» DATA LISTING
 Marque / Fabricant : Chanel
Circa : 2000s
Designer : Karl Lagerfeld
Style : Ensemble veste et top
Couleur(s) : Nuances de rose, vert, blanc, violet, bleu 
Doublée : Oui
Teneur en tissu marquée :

---

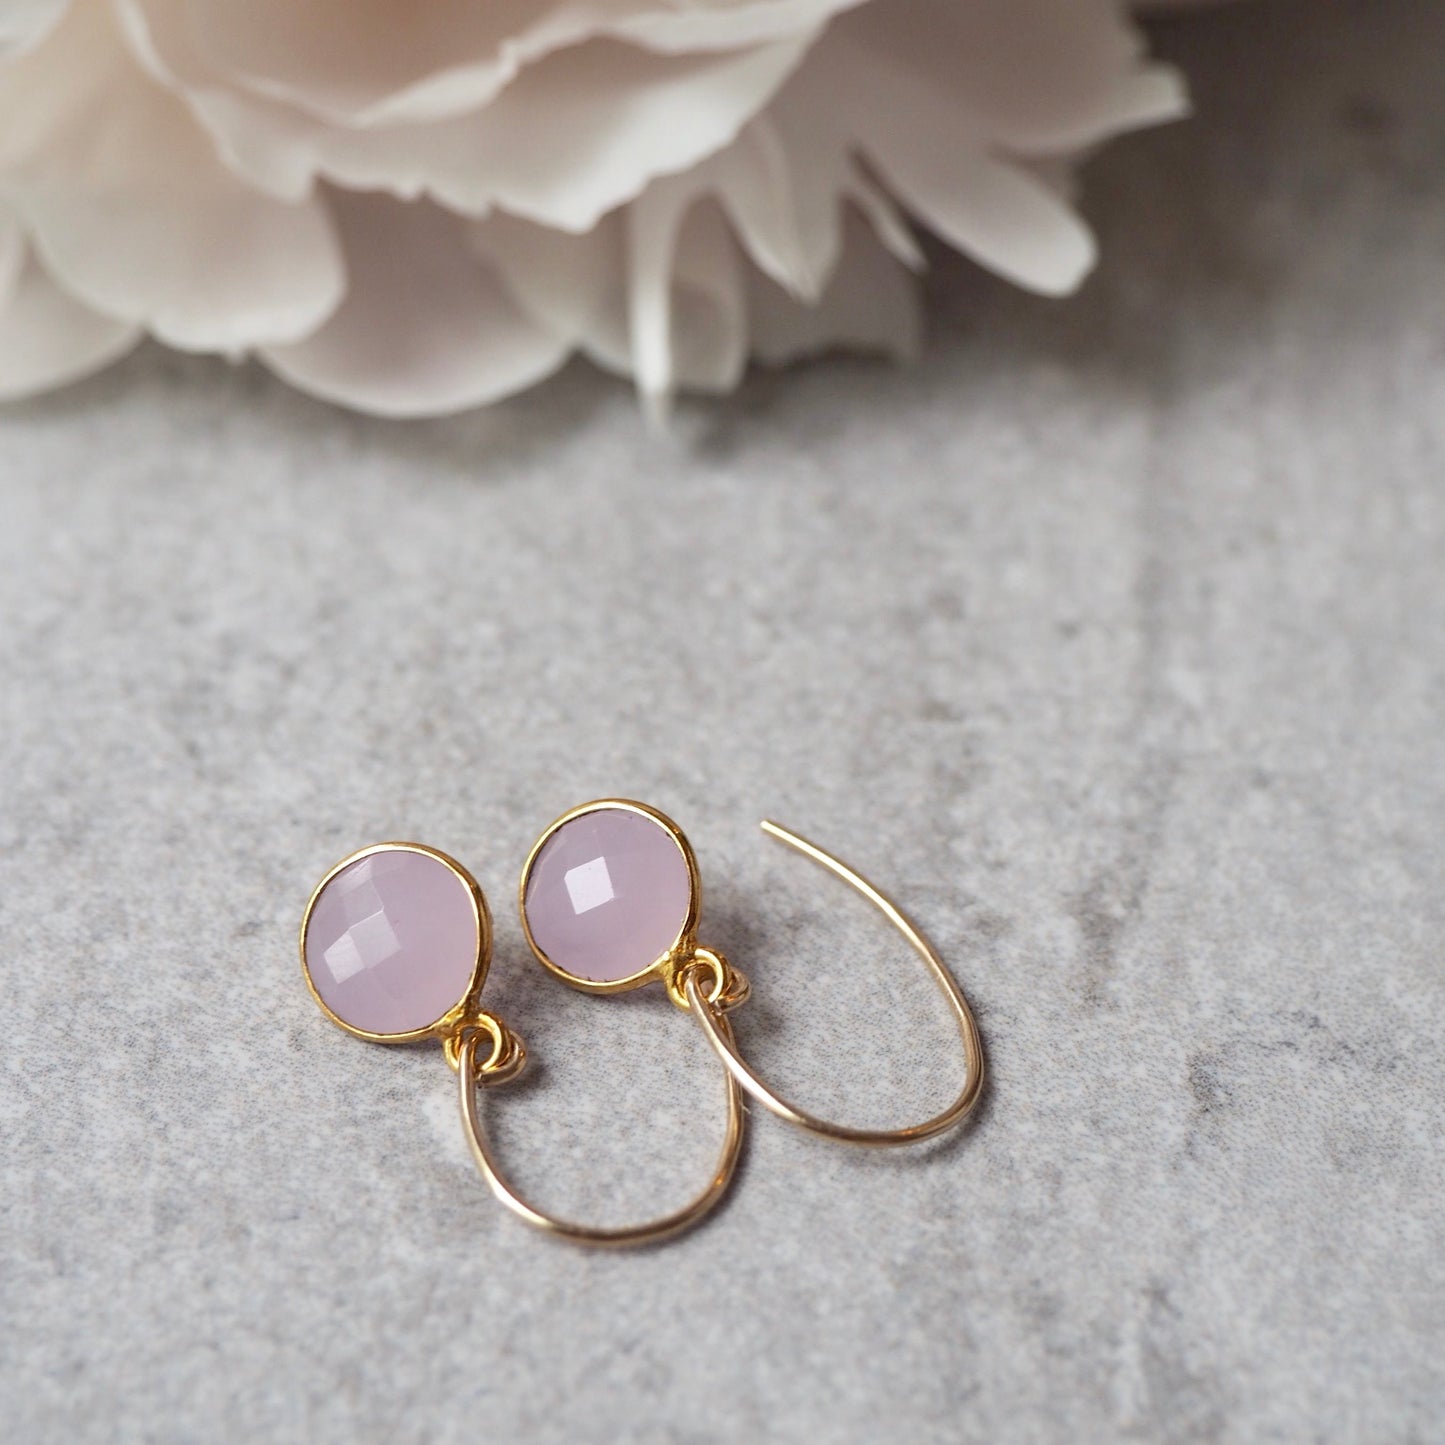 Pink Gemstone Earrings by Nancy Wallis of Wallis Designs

---

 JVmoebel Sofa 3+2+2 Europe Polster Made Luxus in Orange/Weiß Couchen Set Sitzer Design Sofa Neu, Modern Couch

» PROMPT
For this task, write out exactly the lines of the entries above, starting at the line with "Circa : 2000s" and ending at the line with "Teneur en tissu", both included, and no others.

» FINAL ANSWER
Circa : 2000s
Designer : Karl Lagerfeld
Style : Ensemble veste et top
Couleur(s) : Nuances de rose, vert, blanc, violet, bleu 
Doublée : Oui
Teneur en tissu marquée :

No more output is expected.